Diğer yandan gece vardiyasında çalışan otel, lokanta, belediye, oto tamir vb. tüm çalışanlara dair neredeyse hiçbir bilgi yok. Belirleyebildiğimiz kadarıyla eğitim faaliyetleri kapsamında Adıyaman’da Arsemas Hotel’de kalan 32 kimya çalışanı ve İsias Hotel’de kalan 31 turist rehberini kaybettik. Yeniden süreksiz görevlendirme ile gelen farklı mesleklerden kaybettiğimiz sıhhat işçileri var.
Şu ana kadar zelzelede iş cinayeti kapsamında kaybettiğimiz 97 işçiyi tespit edebildik.

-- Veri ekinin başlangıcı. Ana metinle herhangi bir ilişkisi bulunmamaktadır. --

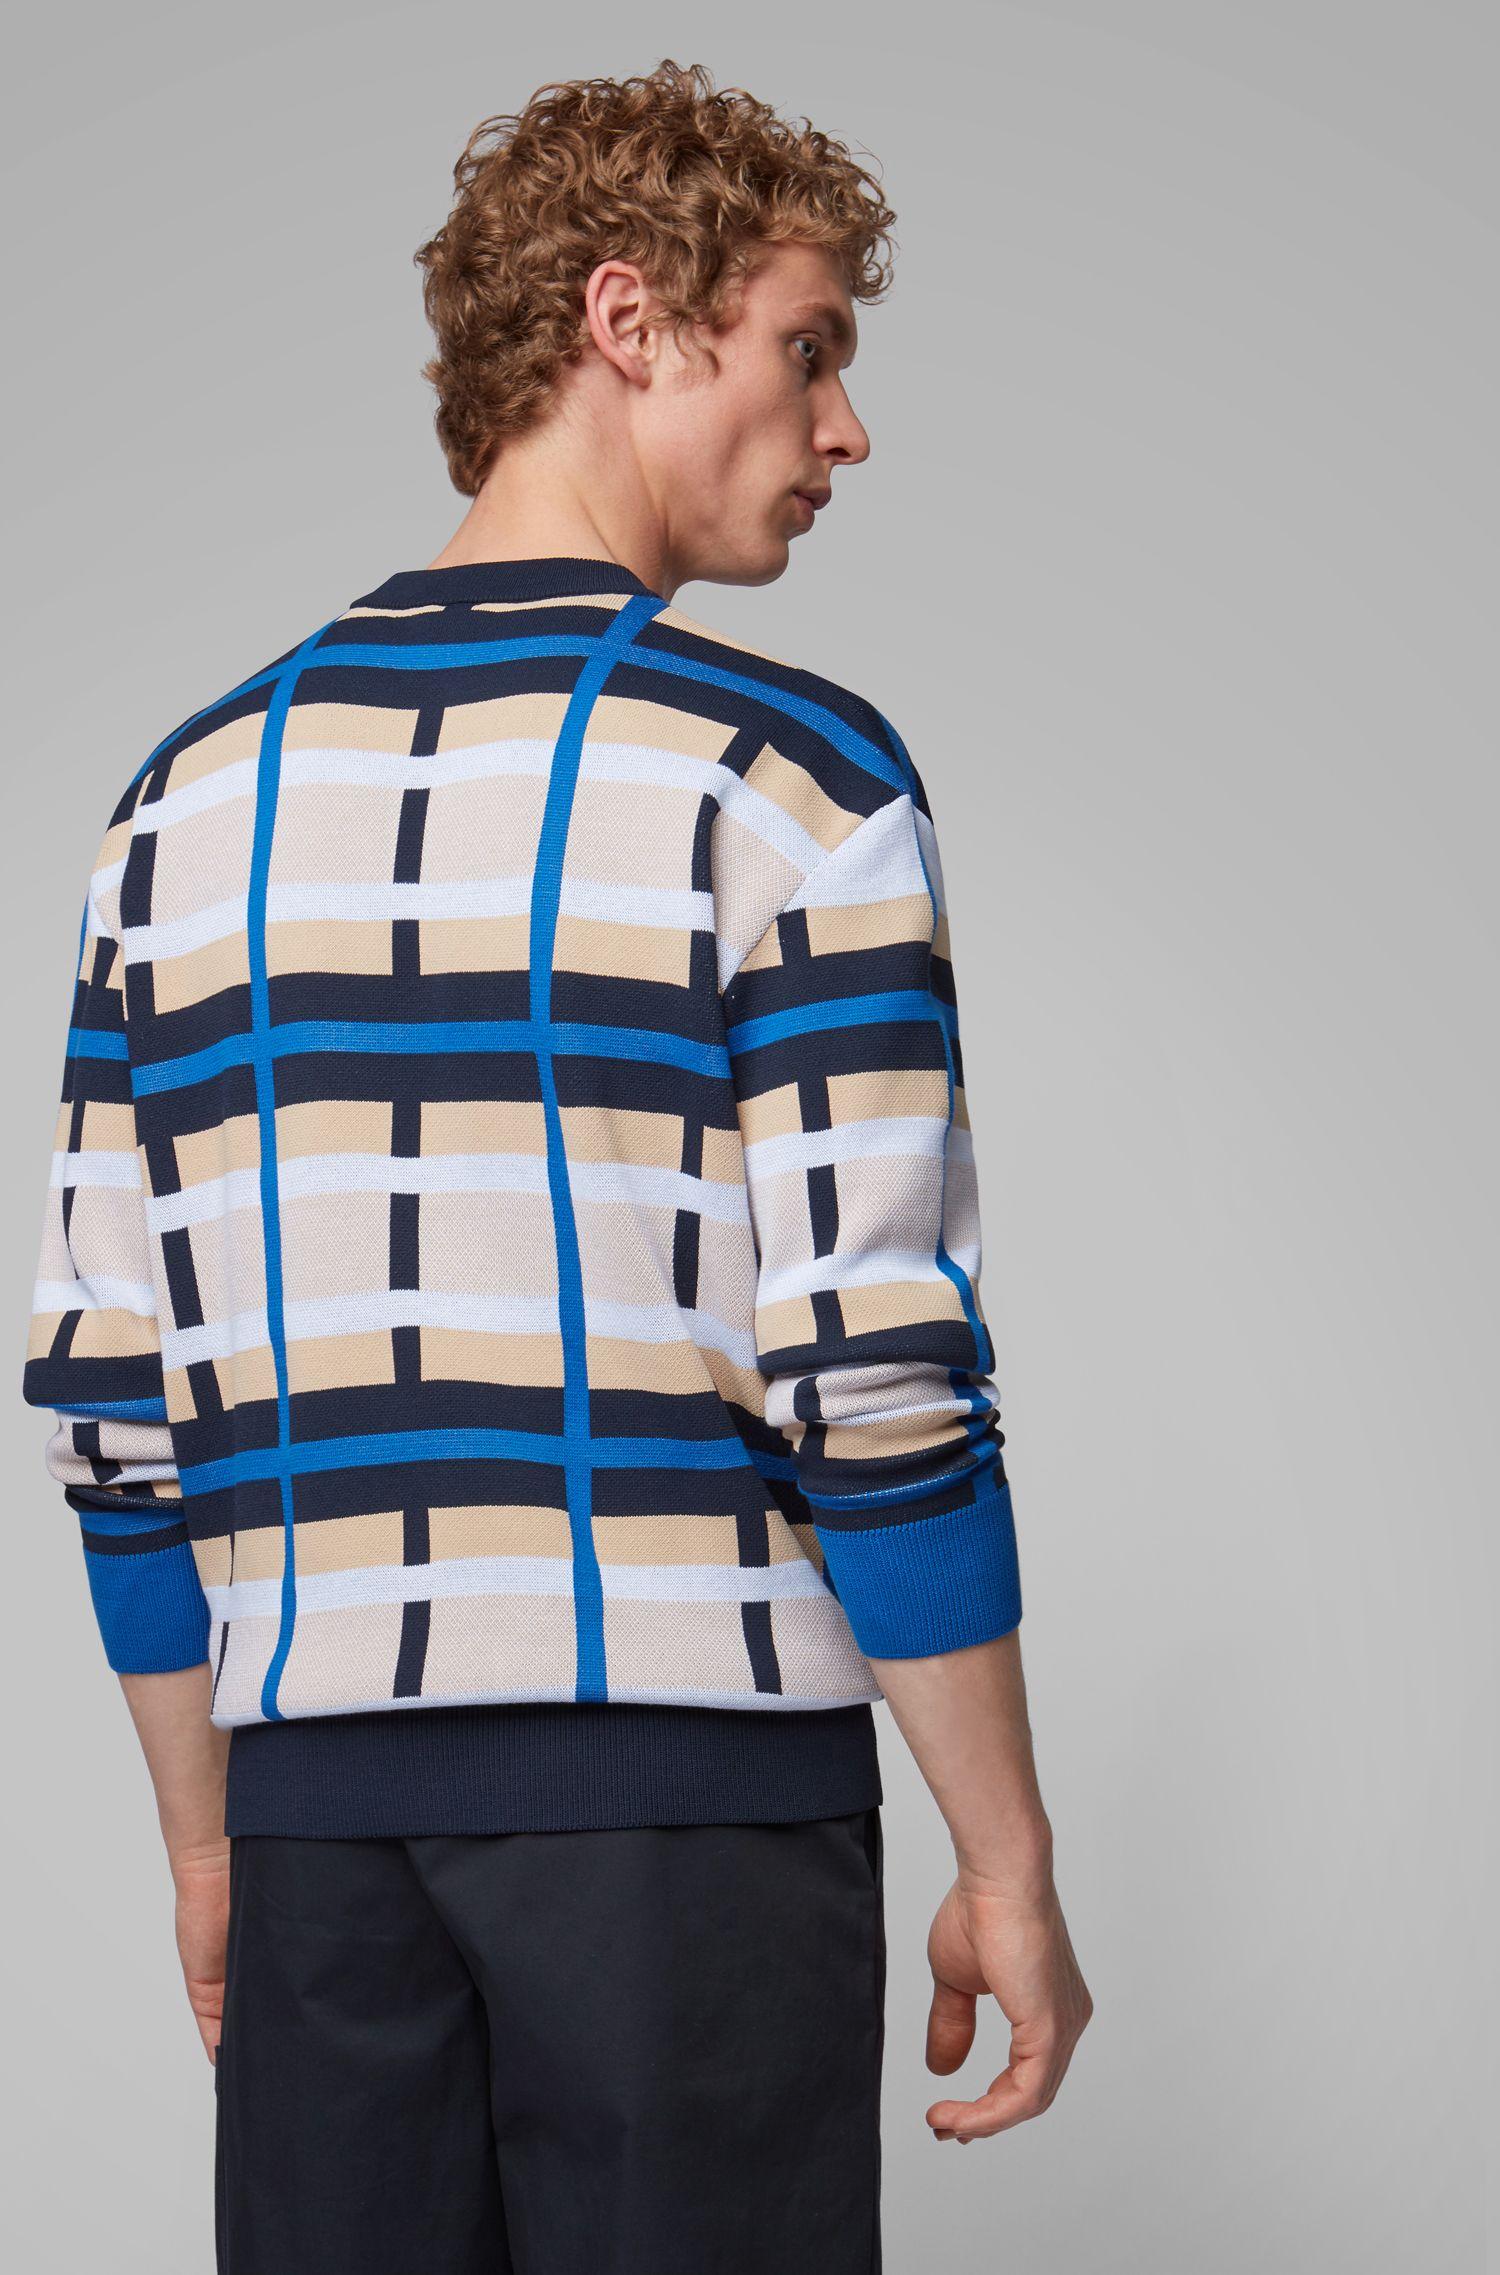 Strickpullover mit mehrfarbigem Muster, Blau

Önümüzdeki günlerde araştırmalarımız devam edecek fakat devlet açıklamadığı sürece kaybettiğimiz yüzlerce işçinin kimliklerine ulaşmamız neredeyse imkansız. (Bu noktada farklı meslek gruplarımızdan genel kayıplarımızı paylaşıyoruz. Fakat meskenlerinde hayatını kaybeden arkadaşlarımızı iş cinayeti kapsamında kıymetlendiremiyoruz. Daha genel manada sarsıntıdaki tüm vefatlar için “sosyal cinayet” kavramını kullanabiliriz.)